Si algo consiguió Juan Ignacio Martínez la temporada pasada, cuando la necesidad era colosal y la dinámica terrible, fue entender de manera perfecta qué precisaba el equipo desde el punto de vista futbolístico y, sobre todo, convertirse en un magnífico motivador, un psicólogo que intervino con éxito en la mente de cada uno de sus futbolistas y provocó un cambio colectivo tanto emocional como de competitividad y capacidad para lograr victorias que llevó al Real Zaragoza hasta la orilla de la permanencia. Así puso a salvo al club de una de las temporadas más comprometidas de su historia, algo que la velocidad de la vida, el presente que pronto es pasado y el pasado que en nada deja de existir, no permite apreciar en toda su dimensión.

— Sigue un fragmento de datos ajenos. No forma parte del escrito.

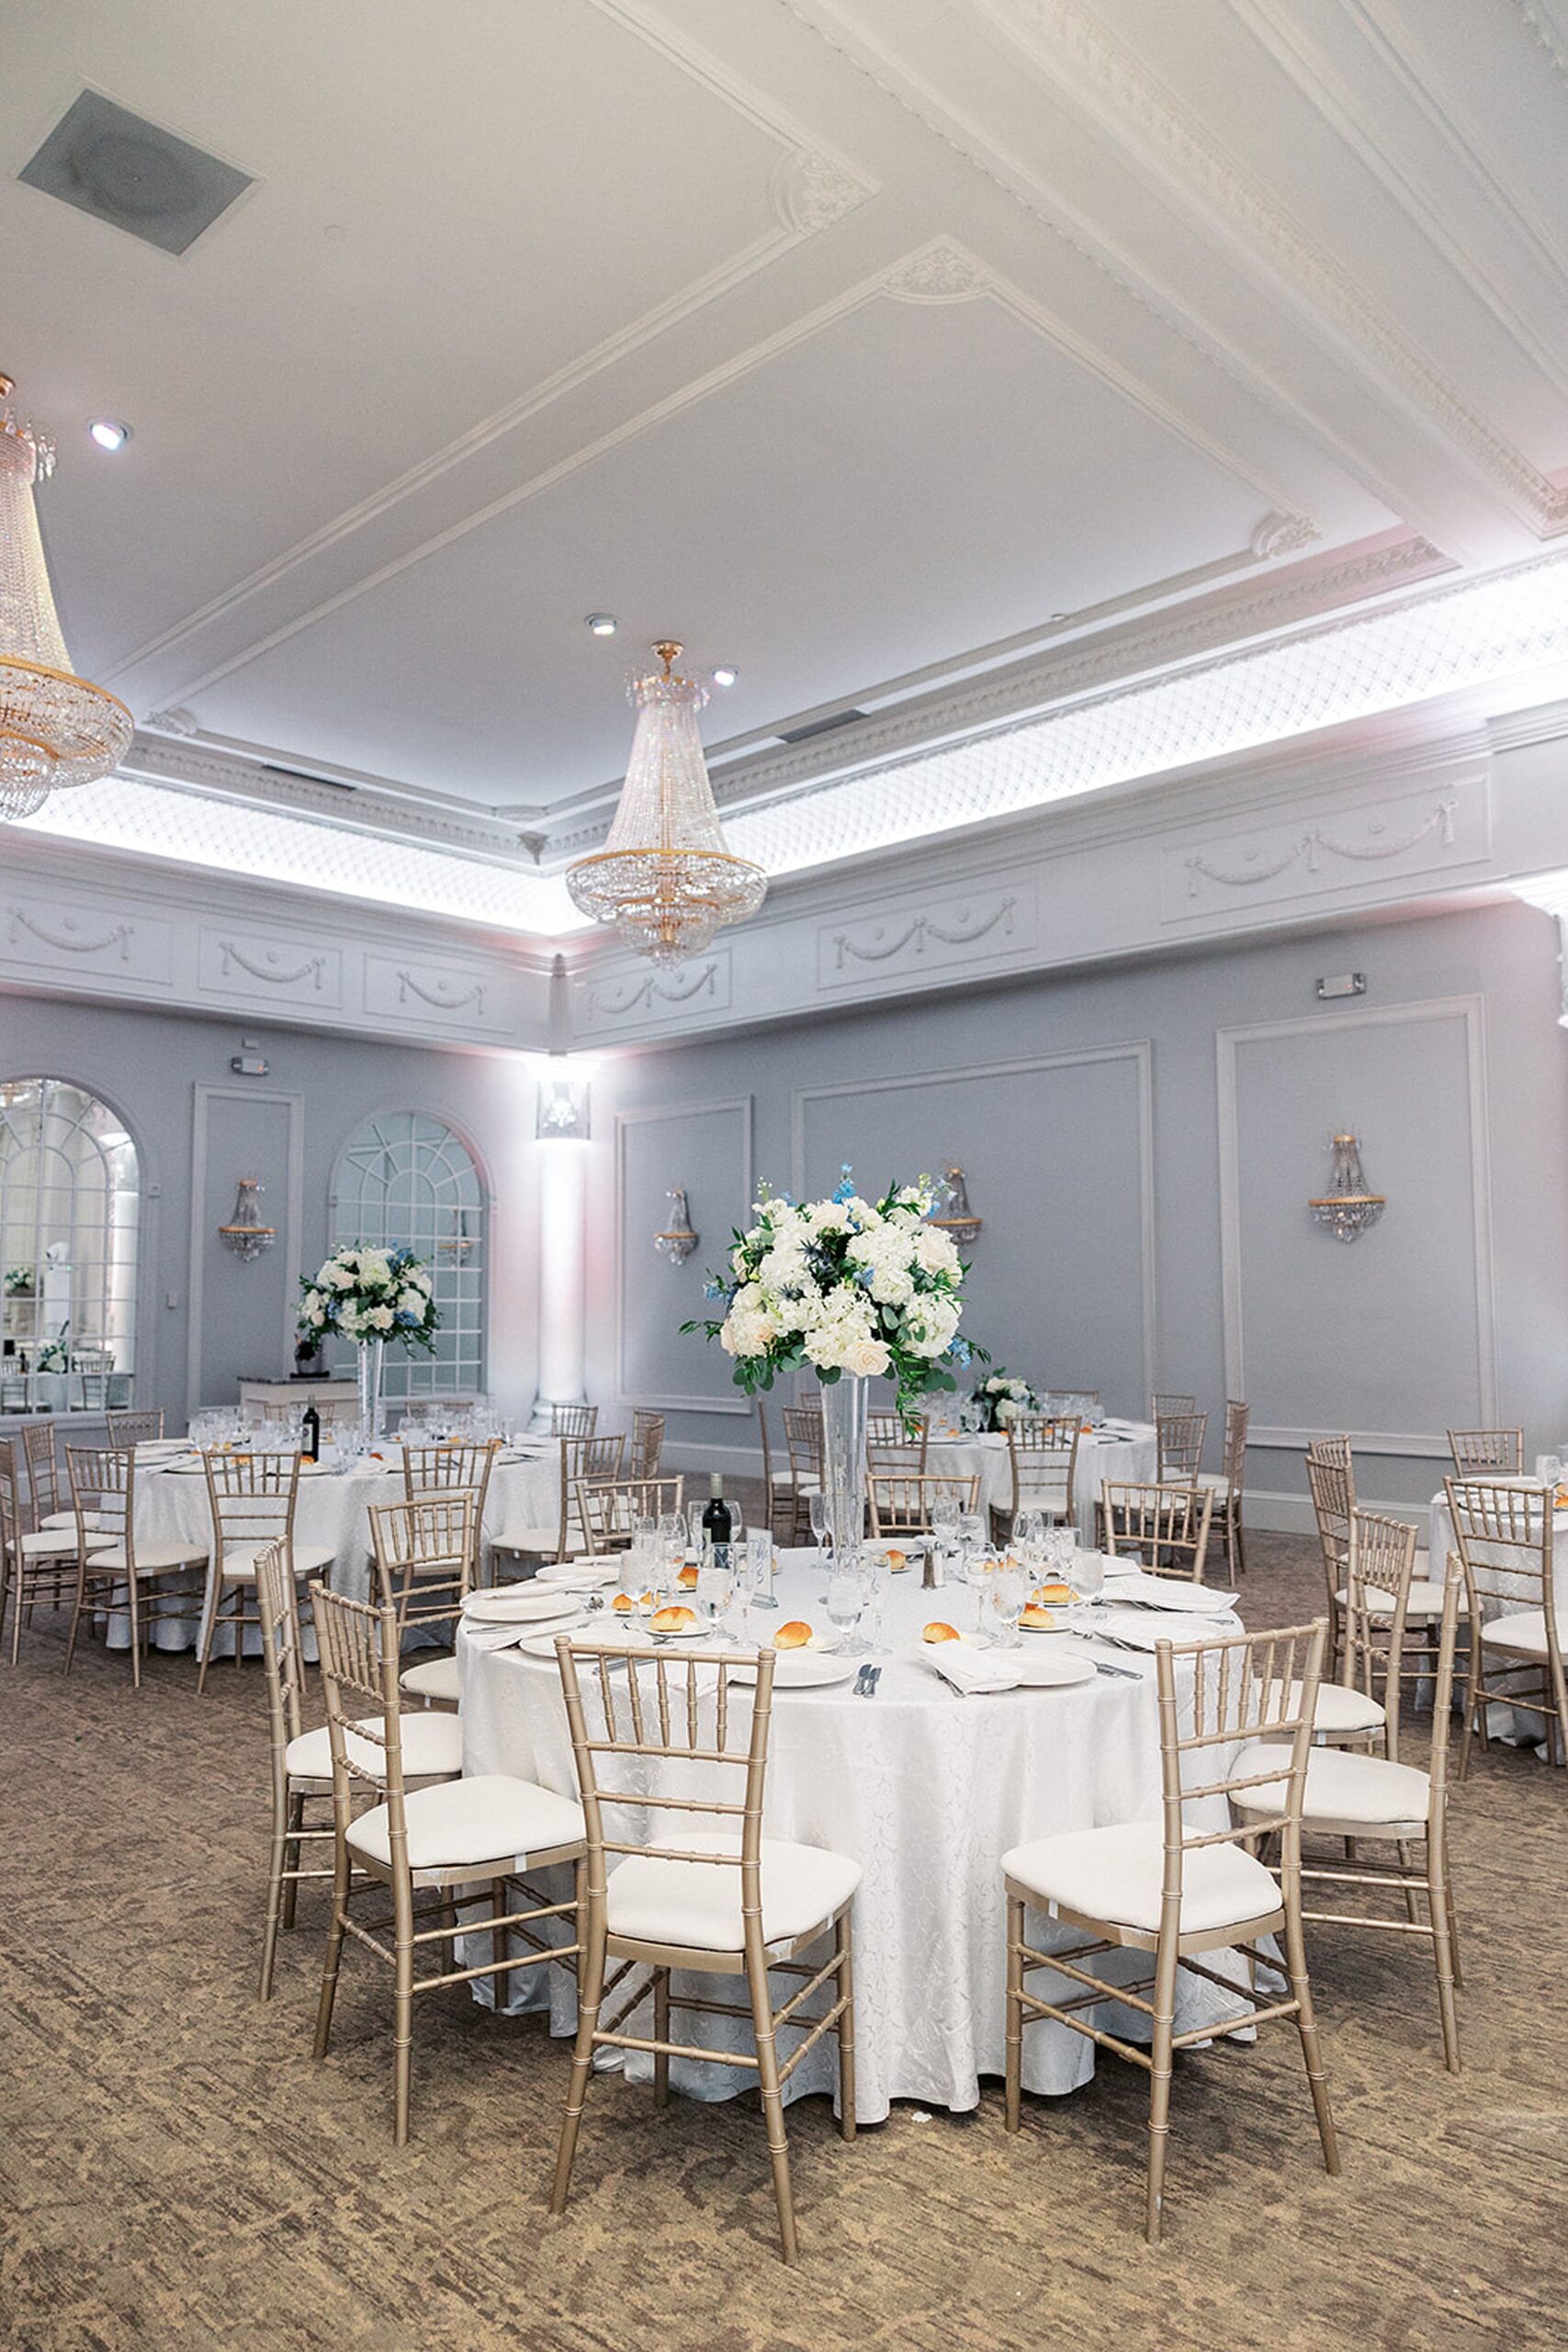 Details of a wedding reception set up in a grand ballroom with crystal chendeliers

Esta campaña, con el mismo hombre al frente, el mismo librillo, pero abierto por otras páginas, siguiendo un modelo mucho más ofensivo y ambicioso, Juan Ignacio Martínez no está consiguiendo resultados. Su equipo no es capaz de ganar, solo lo ha hecho una vez en toda la Liga, y encadena siete empates, algunos premio menor para un merecimiento mayor y otros justa recompensa.

Mientras las jornadas pasan y los triunfos no llegan, el discurso de JIM antes de cada partido ha ido perdiendo aquel vigor que tuvo la campaña pasada y al inicio de esta, a pesar de que el técnico nunca ha sido un gran orador ni un virtuoso de la palabra. Antes de jugar en el campo del Girona, volvió a hablar de orgullo, de casta, de fuerza mental, de lo que hacen los delanteros en el día a día en los entrenamientos, que no en los partidos, como argumento para su defensa, de tener esa chispa de acierto que falta, de que ya no puede pedir paciencia a la gente. Un discurso siempre noble, como el personaje. Pero, como él mismo sabe, hueco hasta que no lo llenen las victorias.